- Affiliation: Rudras
- Texts: Rigveda

= Manyu (deity) =

Hindu deity

Manyu (मन्यु) is a war god in Vedic Hinduism. He is a deity referenced in the Rigveda, with hymns dedicated to him in the eponymous Manyu Sukta.

== Literature ==

=== Vedas ===
The hymns of the Rigveda extol Manyu as the "slayer of foes", "self-existent", "wielder of the thunder", and "much-invoked". Manyu is identified with deities such as Indra, Varuna, and Agni. These hymns urge Manyu to grant treasure and wealth, strength in battles, and overwhelm the enemy with terror.

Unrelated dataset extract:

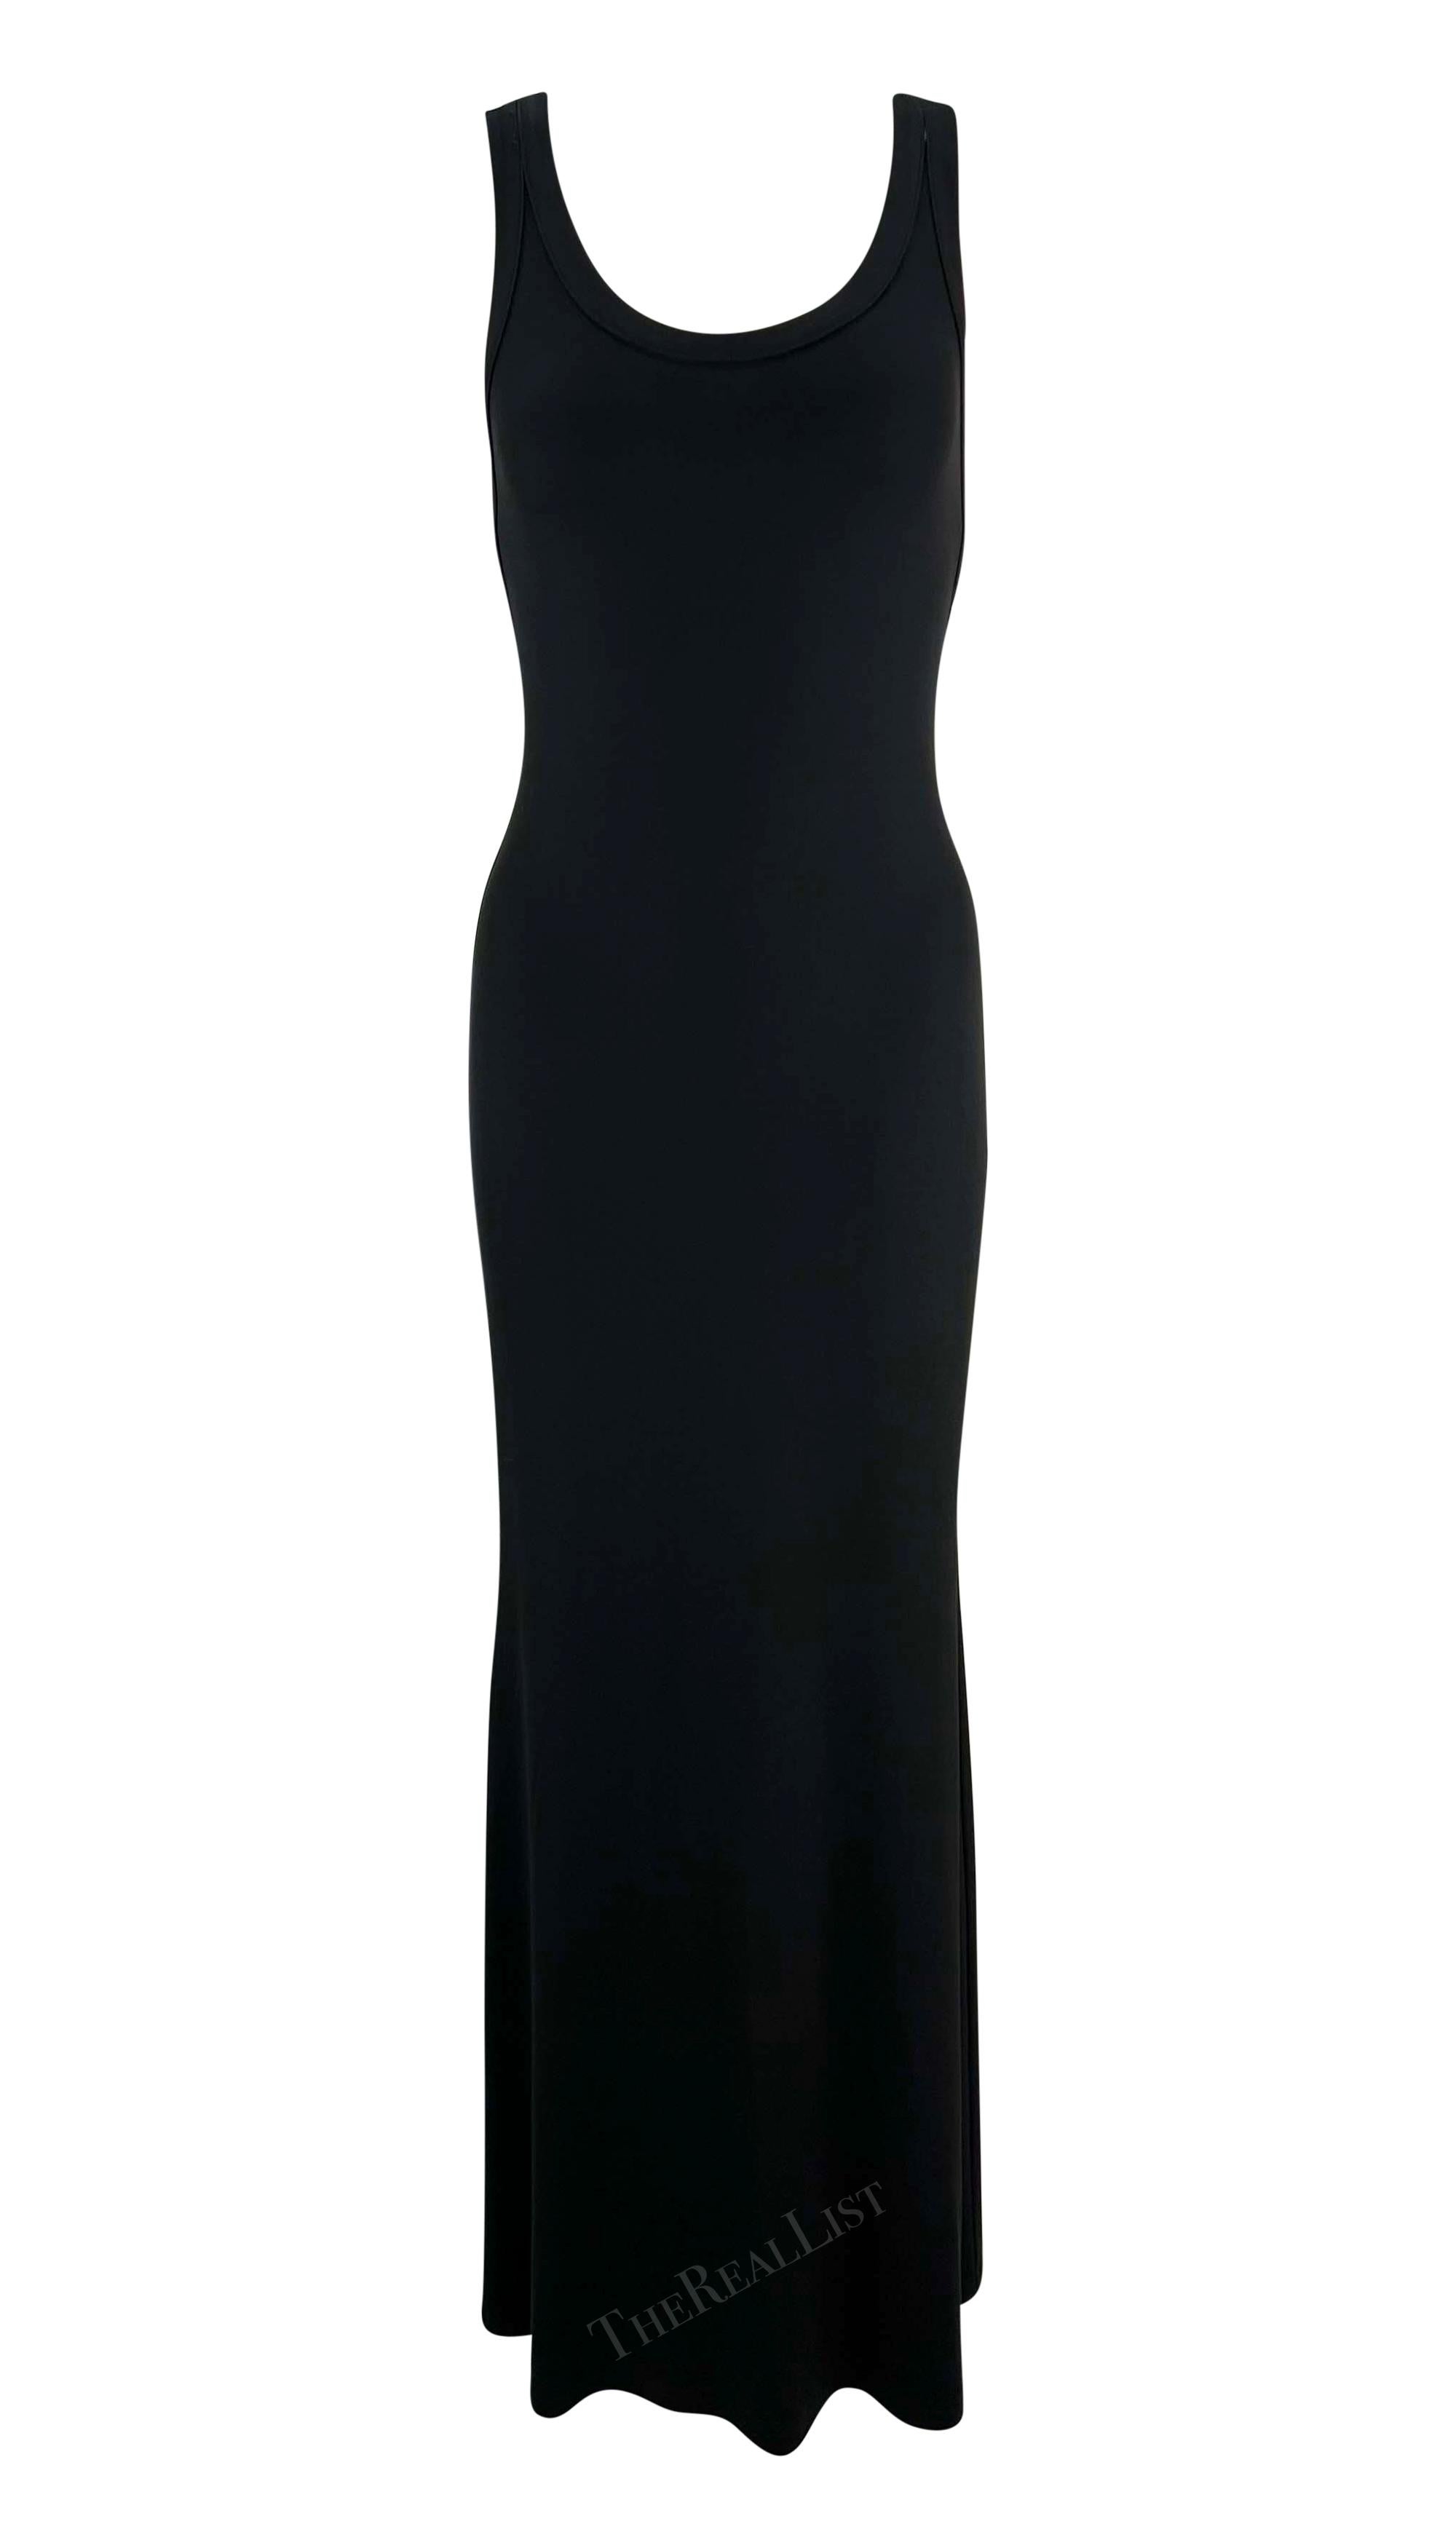 2000s Celine Black Stretchy Backless Bondage-Inspired Strap Gown For Sale 2

The Atharvaveda also mentions the deity in a hymn dedicated to Kama.

=== Brahma Purana ===
The Brahma Purana describes the origin of Manyu. It states that a terrible war was once waged between the devas and the asuras, in which the former were defeated. The devas are stated to have travelled to the Gautamī river valley, where they performed a penance to propitiate Shiva. The destroyer deity is said to have produced Manyu from his third eye, and presented him to the devas. In the subsequent battle that followed, Manyu's assistance allowed the devas to gain victory.

=== Bhagavata Purana ===
Shiva is referred to as Manyu in the Bhagavata Purana.

=== Associations ===
Manyu is also described to be one of the eleven Rudras.

Some philosophers like Madhavacharya have posited that Manyu is merely an epithet of Narasimha, an avatar of Vishnu.